According to the complaint, Segarra’s review included the roughly $23 billion takeover of pipeline company El Paso Corp by Kinder Morgan Inc. Goldman advised El Paso on the 2012 merger despite holding a big stake in Kinder Morgan.

Silva, Koh and another supervisor, Johnathon Kim, were also defendants in Segarra’s lawsuit, and Abrams dismissed claims against them. Goldman was not a defendant. A bank spokesman, Michael DuVally, declined to comment.

JUDGE-SHOPPING

In her ruling on Wednesday, Abrams also rejected a move by Stengle for greater disclosure by the judge about her husband’s relationship with Goldman Sachs.

Abrams disclosed on April 3 that she had just learned that her husband, Greg Andres, a partner at Davis Polk & Wardwell, was representing Goldman in an advisory capacity.

Stengle said at the time she would not seek Abrams’ recusal, the judge said, and went ahead the next day with scheduled oral arguments on the defendants’ bid to dismiss the case.

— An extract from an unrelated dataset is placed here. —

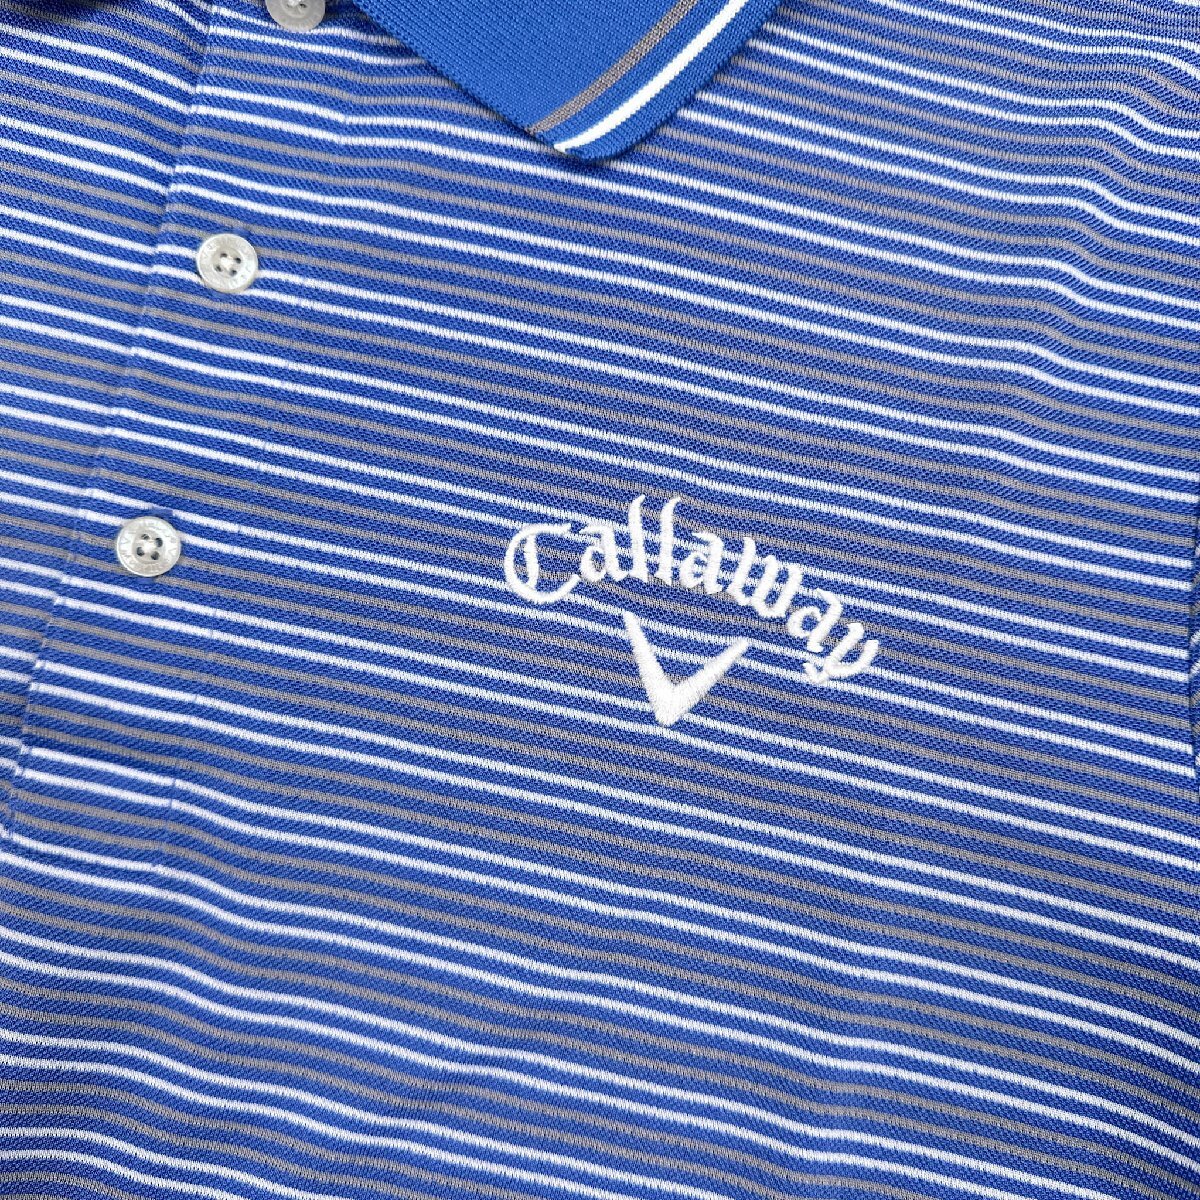 Callaway classic キャロウェイ ボーダー 半袖 ポロシャツ サイズ LL/ブルー 系 メンズ スポーツ ゴルフ 大きいサイズ_画像3

But on April 11, Stengle made a written request for a “more complete disclosure” of Andres’ relationship with Goldman, and Abrams’ own working relationship with another defense lawyer.

Abrams said that was too late, given that Segarra by then would have had a chance to “sample the temper of the court” and perhaps anticipate she would lose unless Abrams recused herself.

“The timing of plaintiff’s requests suggests that she is engaging in precisely the type of ‘judge-shopping’ the 2nd Circuit has cautioned against,” Abrams wrote, referring to the federal appeals court in New York. “Such an attempt to engage in judicial game-playing strikes at the core of our legal system.”

Susan Peters, a Davis Polk spokeswoman, did not immediately respond to requests for comment.

The case is Segarra v. Federal Reserve Bank of New York et al, U.S. District Court, Southern District of New York, No. 13-07173.